_Assigned task:_ Copy task for the material below: print the line with "Resume for Moving" and every line after it to the end, exactly as written, without the pictures.

_Data:_
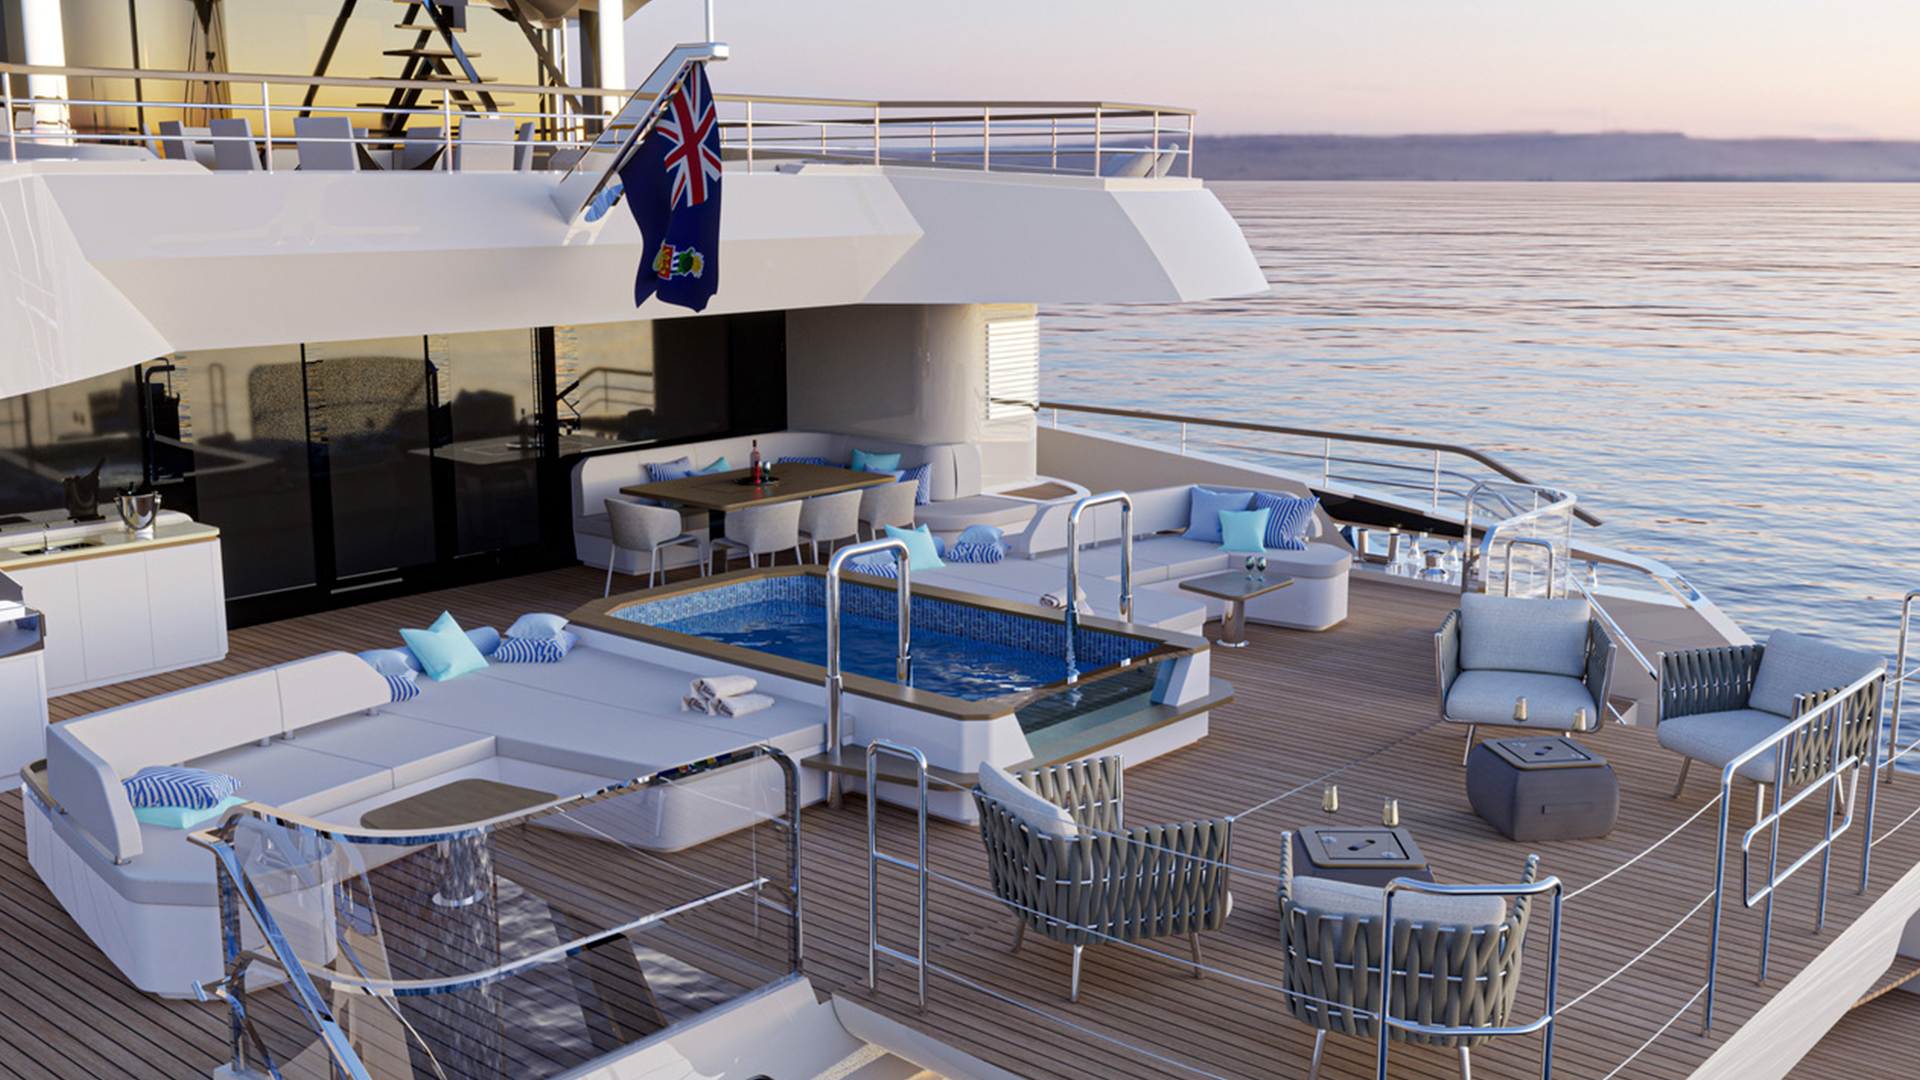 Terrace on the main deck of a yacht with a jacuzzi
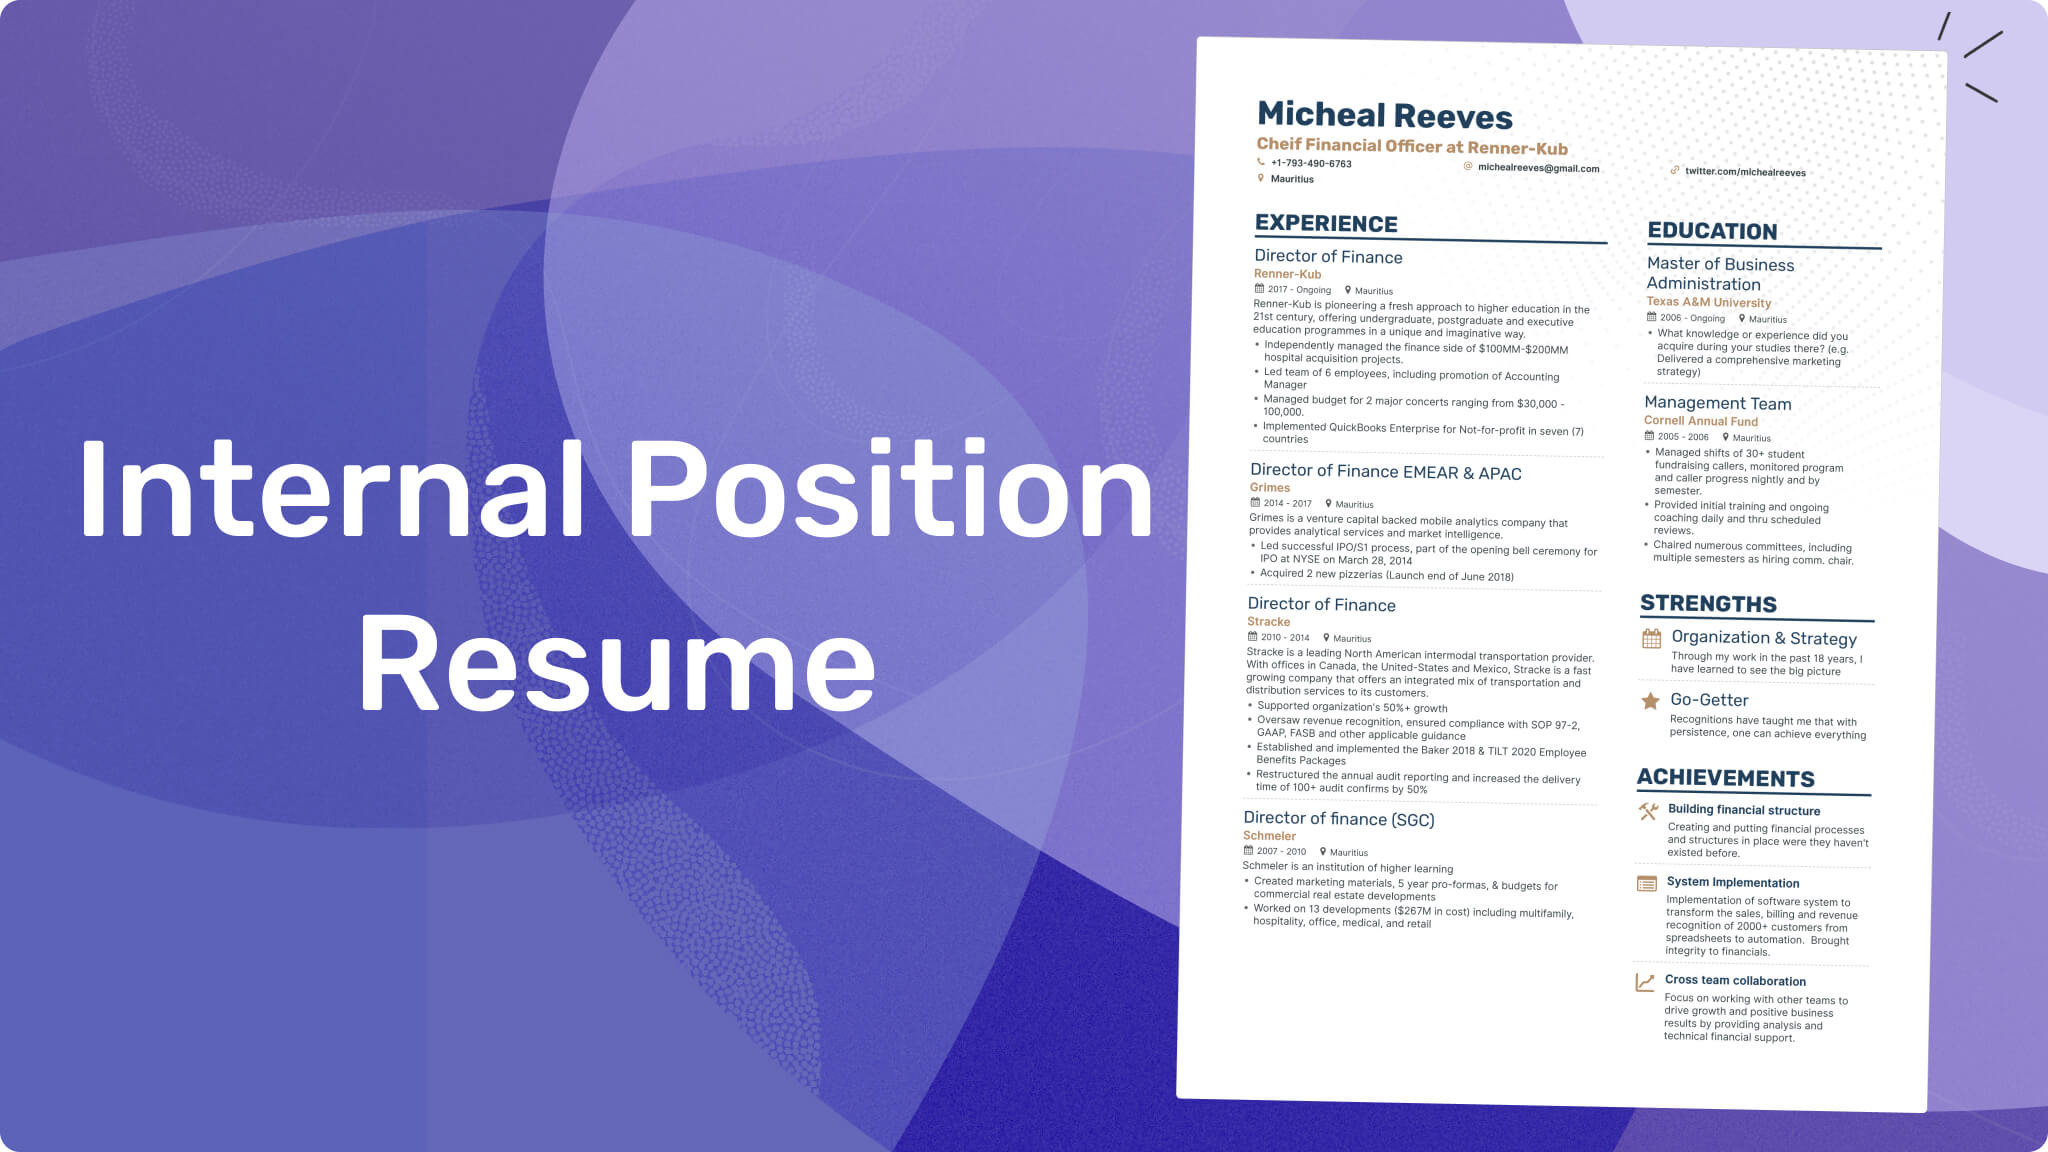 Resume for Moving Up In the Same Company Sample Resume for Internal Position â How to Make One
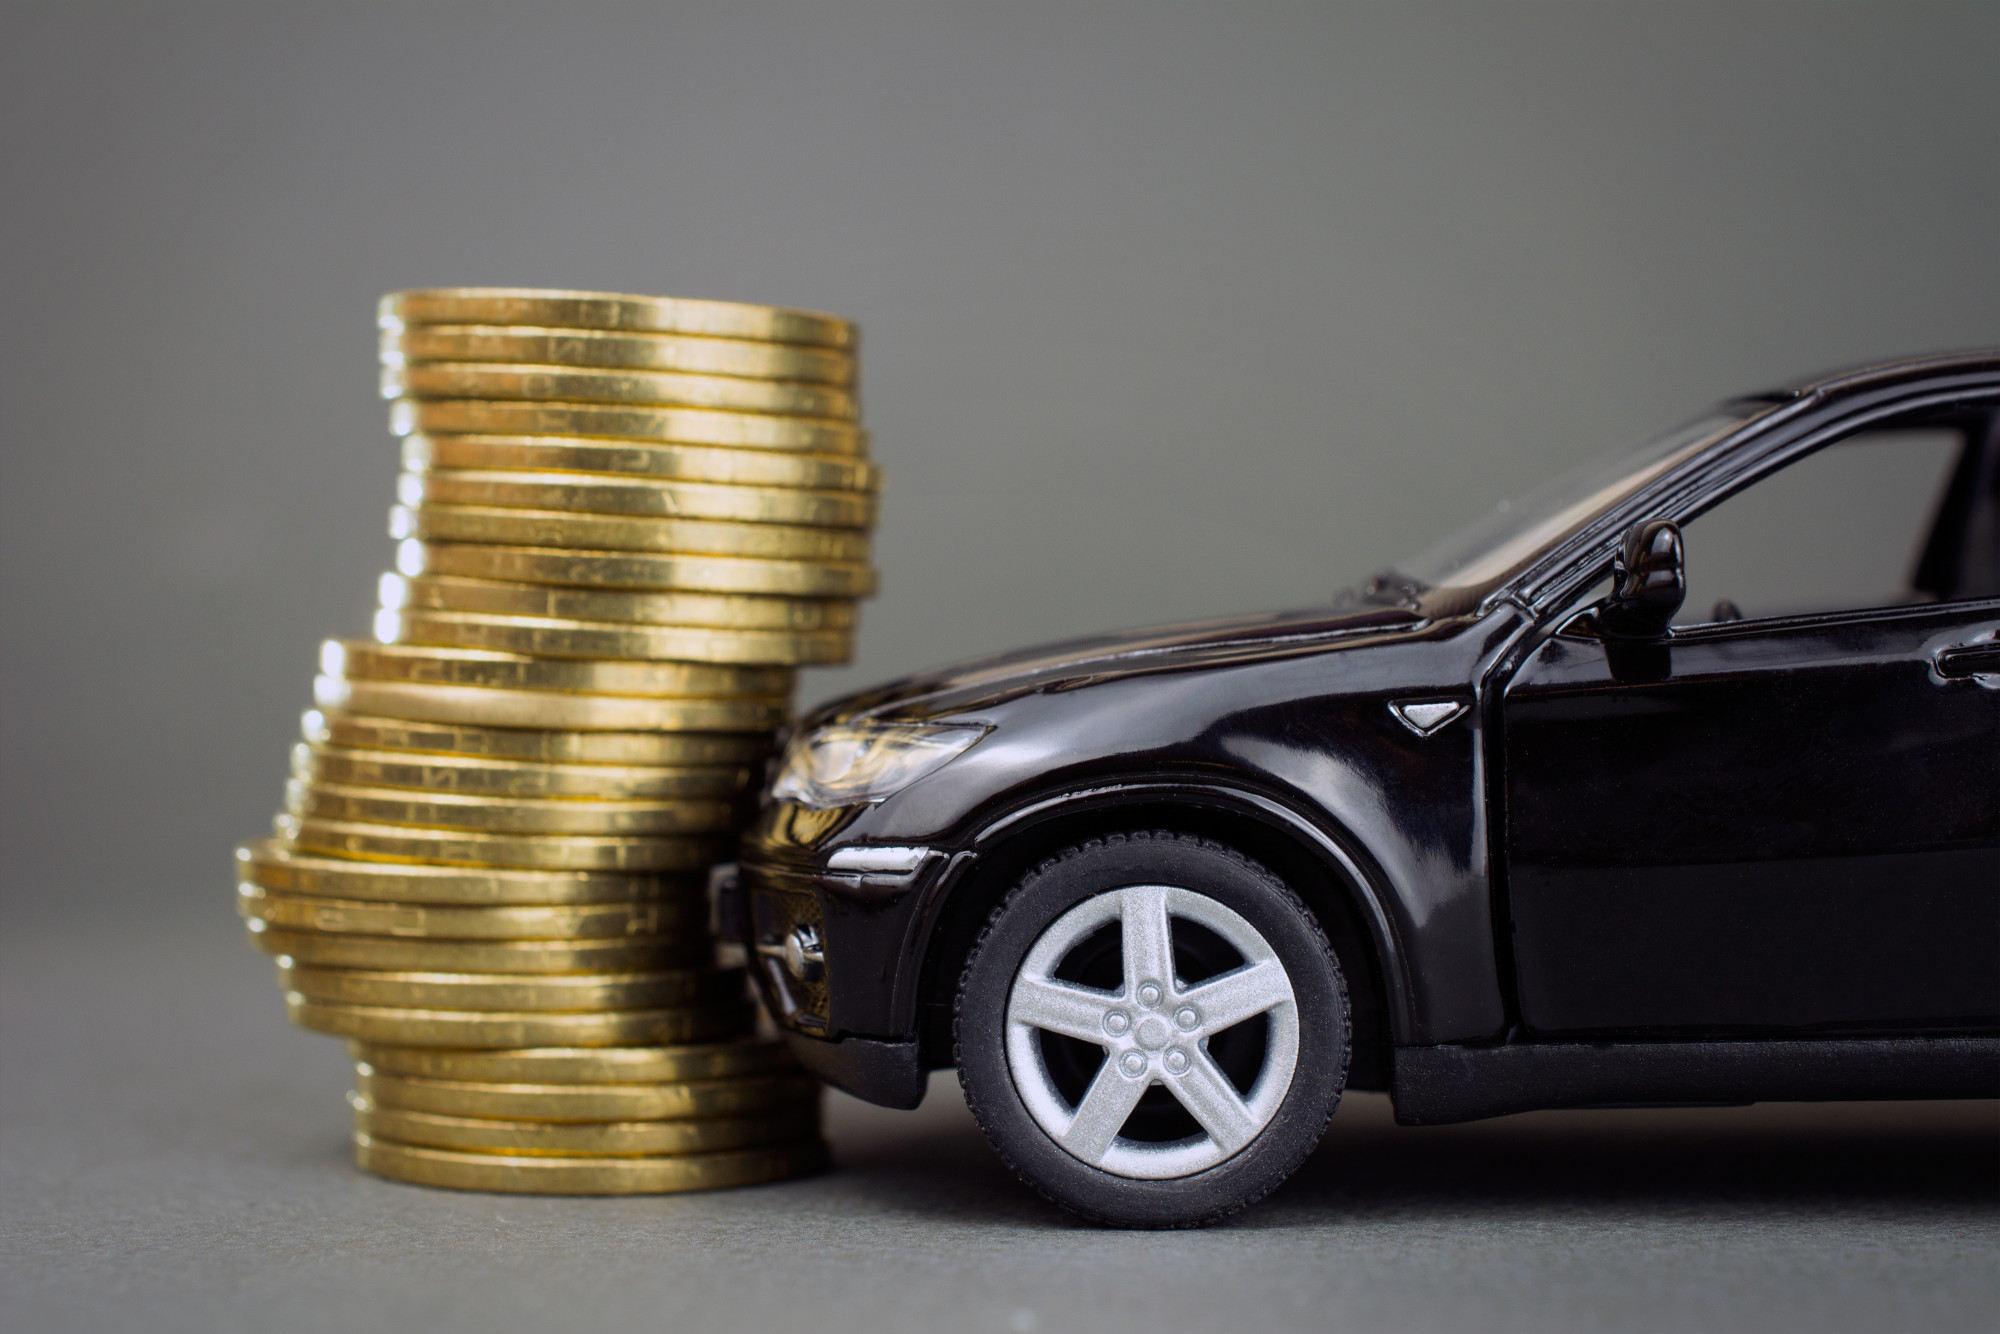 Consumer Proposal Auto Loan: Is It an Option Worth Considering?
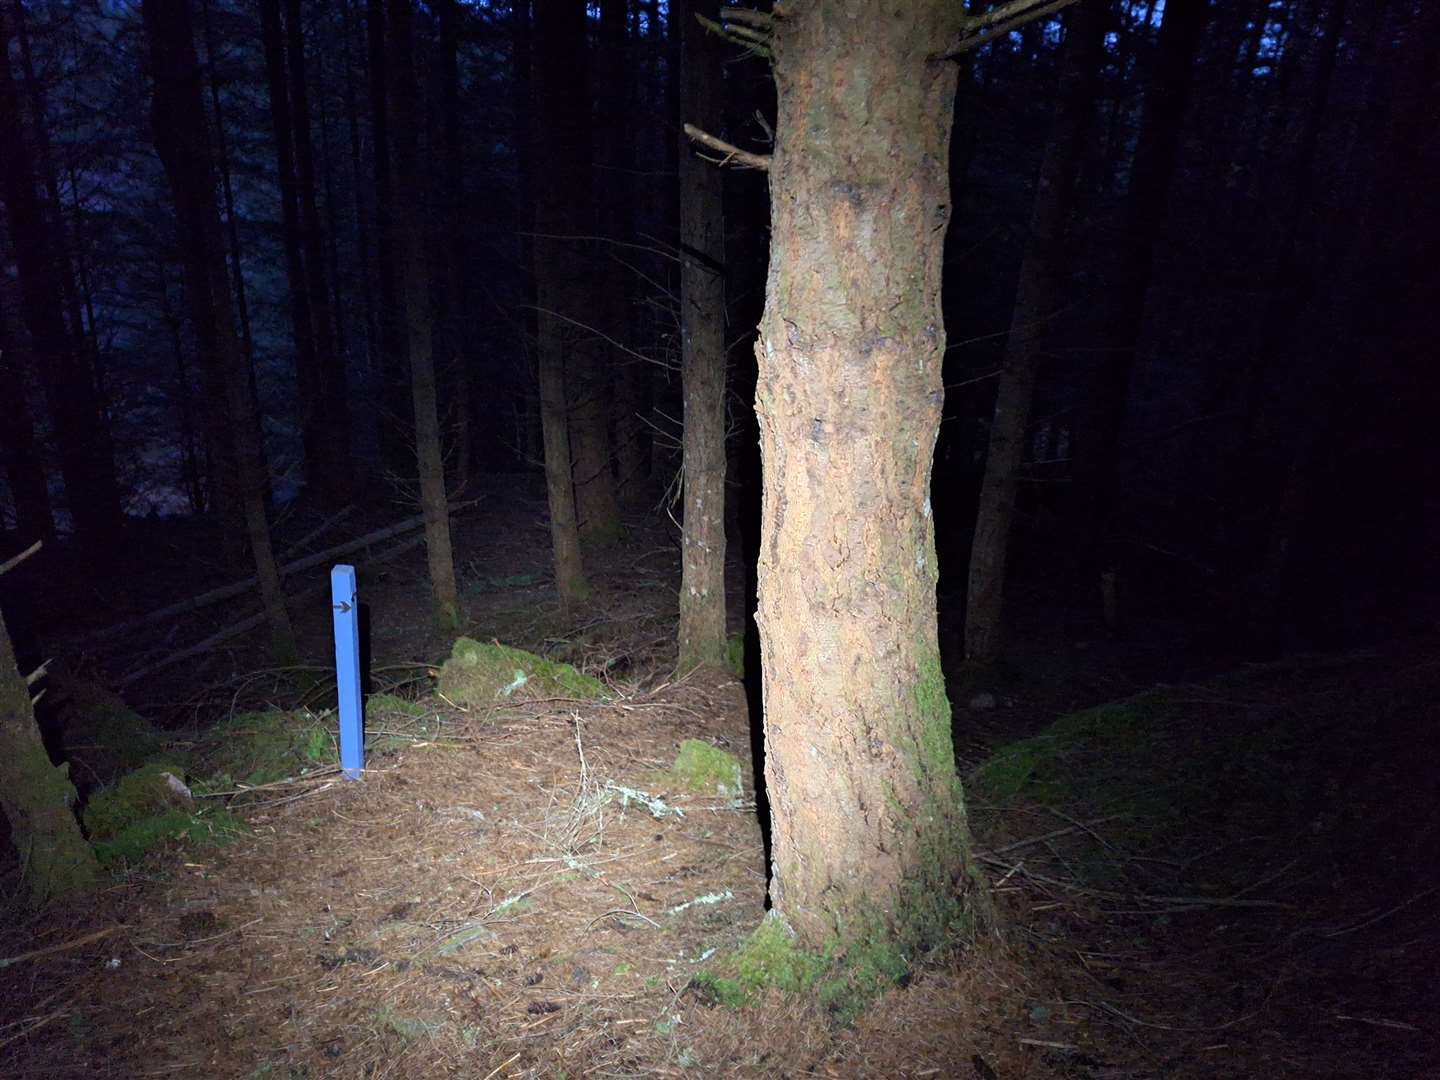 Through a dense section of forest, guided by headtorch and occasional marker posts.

_Output for this exercise:_
 Resume for Moving Up In the Same Company Sample Resume for Internal Position â How to Make One
 Consumer Proposal Auto Loan: Is It an Option Worth Considering?
 Through a dense section of forest, guided by headtorch and occasional marker posts.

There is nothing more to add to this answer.